By including training data from both the study radiologist and existing reports, we exposed the AI model to a range of reporting styles. The use of existing reports for the testing group further increased the applicability of this model for everyday use. This pilot AI model is the first to incorporate multiple modalities in patient assessment (biochemistry, demographics, radiology, and cytology) into an all-encompassing predictive tool.

There were some limitations to the current study. First, our malignancy rates (25.3%) were lower than some studies (45–52.3%) [45, 46]. However, comparable to other more contemporary studies [37, 47], our study was also susceptible to the limitations of a retrospective design. Additionally, the population of this study was entirely post-operative and does not capture the entire community with thyroid nodules. Addressing this limitation would require a prospective study or retrospective data from patients that are on long-term follow-up for benign or indeterminate nodules that have subsequently proven to be malignant on cytology or continued a benign course. However, this patient population is small, disseminated and to congregate such a cohort to power the AI model to a satisfactory level would require further work and collaboration. Finally, some of the false negative predictions may suggest an over-reliance on the cytology for its predictions, which is likely due to the inclusion of both a high number of Bethesda 2 as well as malignant cytology nodules in the training group. Further work is required to clarify or rectify this point.

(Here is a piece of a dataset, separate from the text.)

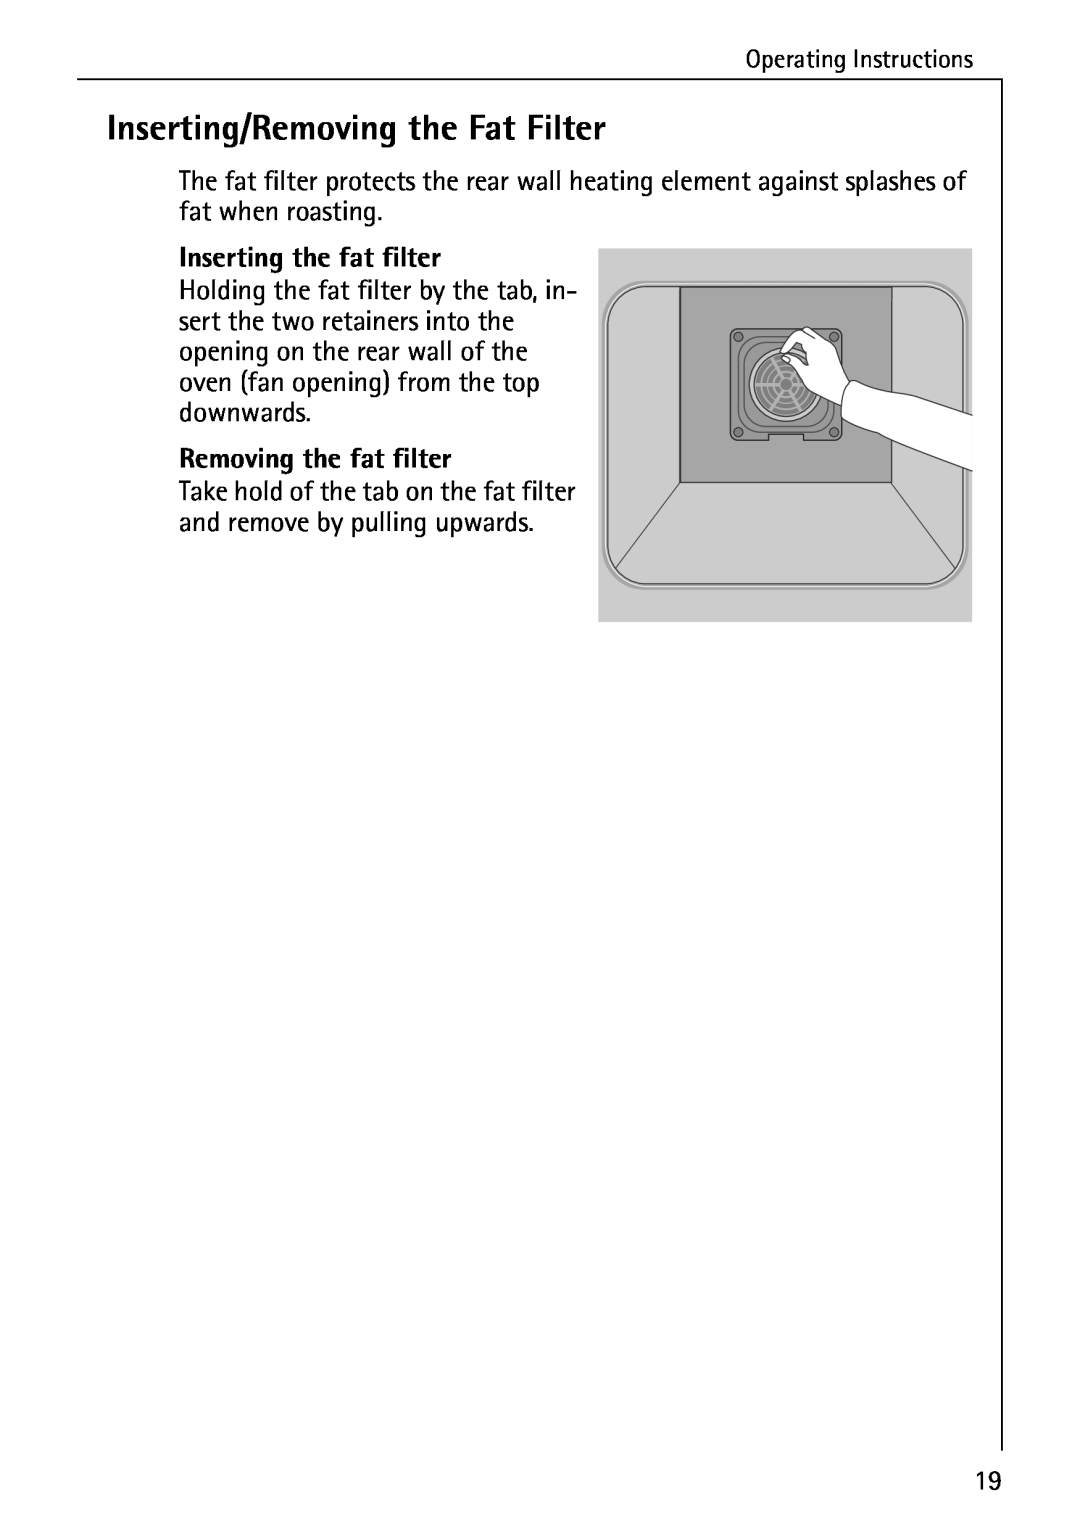 AEG E4100-1 manual Inserting/Removing the Fat Filter, Inserting the fat filter, Removing the fat filter

Other future work includes improving the model by acquiring a larger dataset and further validating the performance of the model. We are also working on a delivery system that is both easily accessible and user-friendly. The system would be available via a web-based application similar to other online calculators. Once parameters are entered into the system, the user is informed of the probability of malignancy in percentage.

Conclusion

We have developed a first of its kind pilot AI model that can accurately predict malignancy in thyroid nodules using USG features, FNAC, demographics and serum TSH. Once further evolved and refined for clinical use, there is great potential for this AI model to function as a computer-aided decision support tool, to be used by both surgeons and general practitioners, to help individualise treatment for patients with thyroid nodules.